#### REQUIREMENT:
Return each line of the listing exactly, though without its images.

#### DATASET EXCERPT:
_ _ _ _ _ _ _

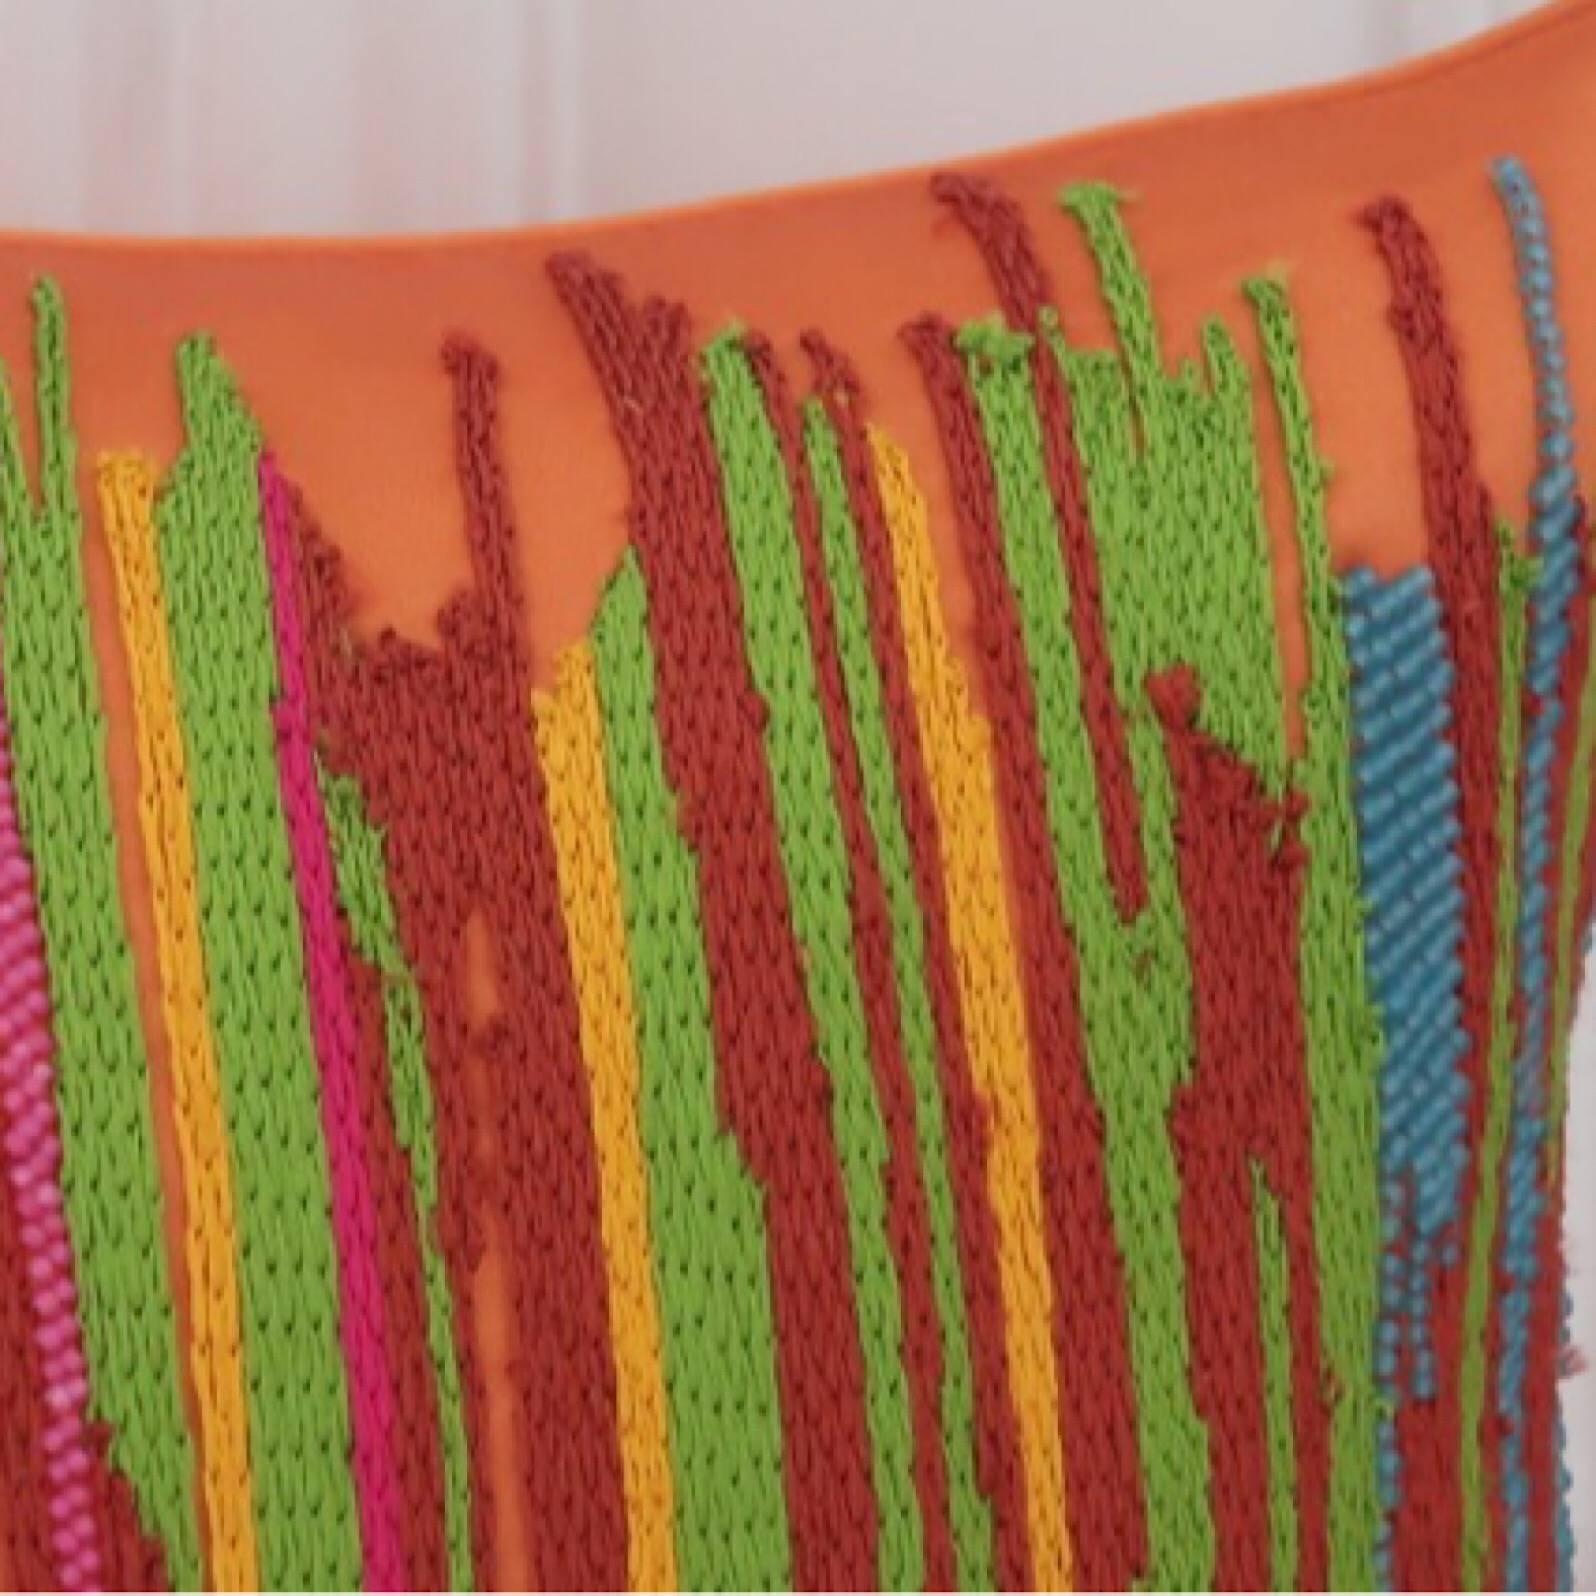 Hand embroidered pillow.
Handcrafted using Matt beads and cotton yarn embroidered in brightly colored stripes on a orange background.
Satin fabric, self zip and feather pads.
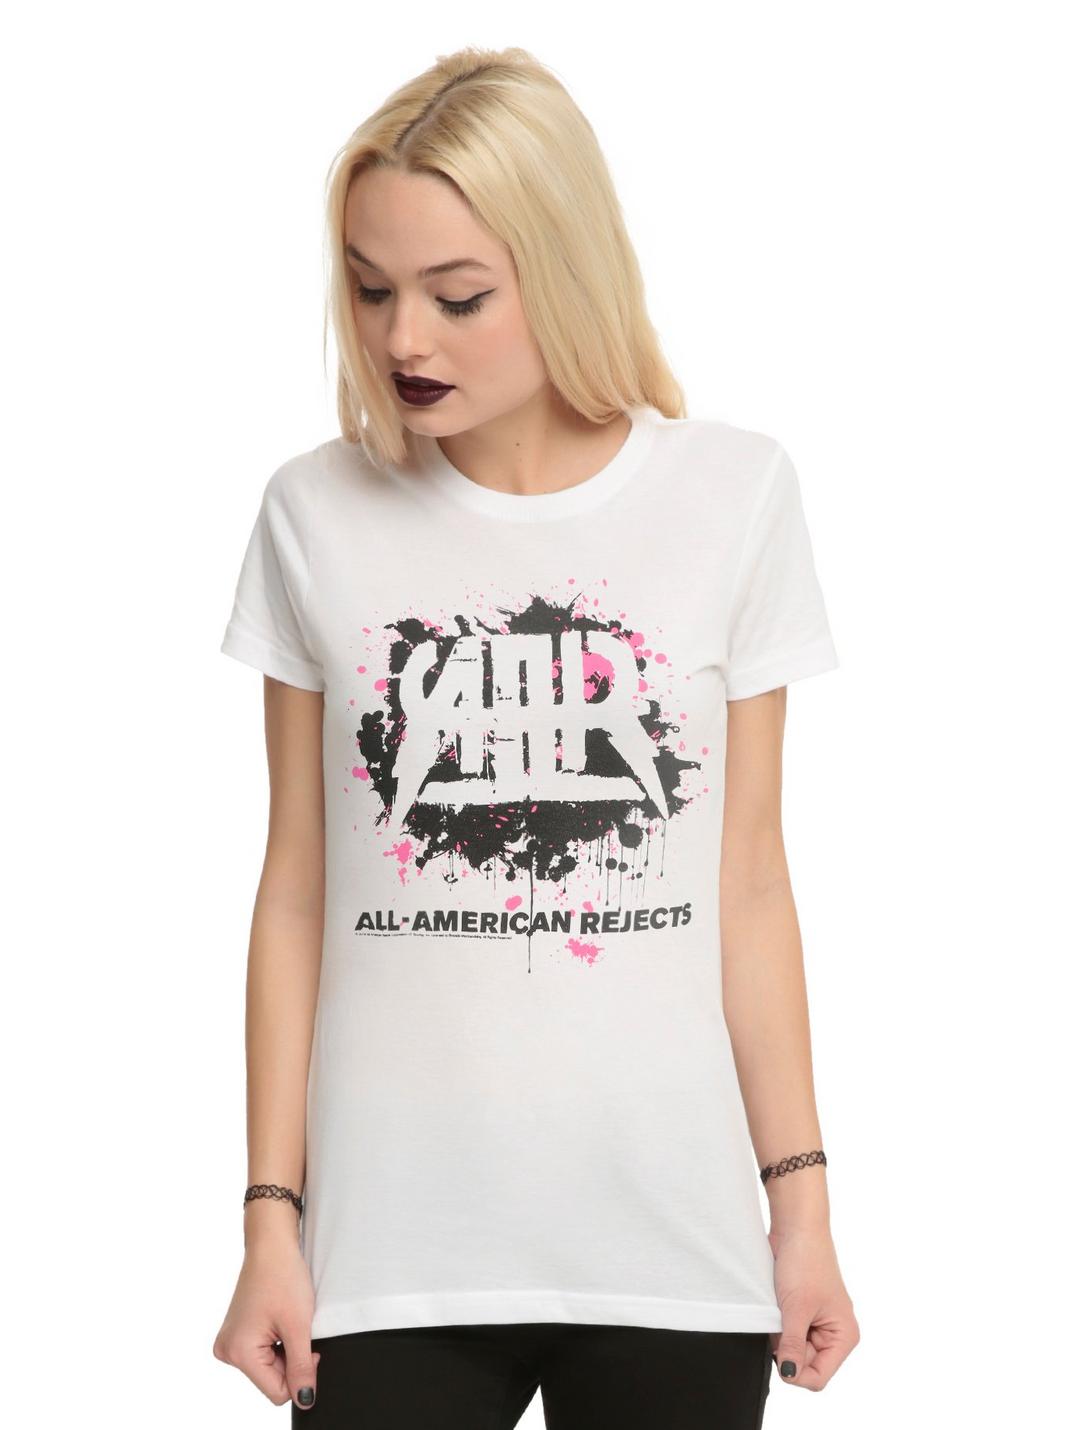 The All-American Rejects Splatter Logo Girls T-Shirt, WHITE, hi-res

_ _ _ _ _ _ _

#### EXPECTED ANSWER:
 Hand embroidered pillow.
Handcrafted using Matt beads and cotton yarn embroidered in brightly colored stripes on a orange background.
Satin fabric, self zip and feather pads.
 The All-American Rejects Splatter Logo Girls T-Shirt, WHITE, hi-res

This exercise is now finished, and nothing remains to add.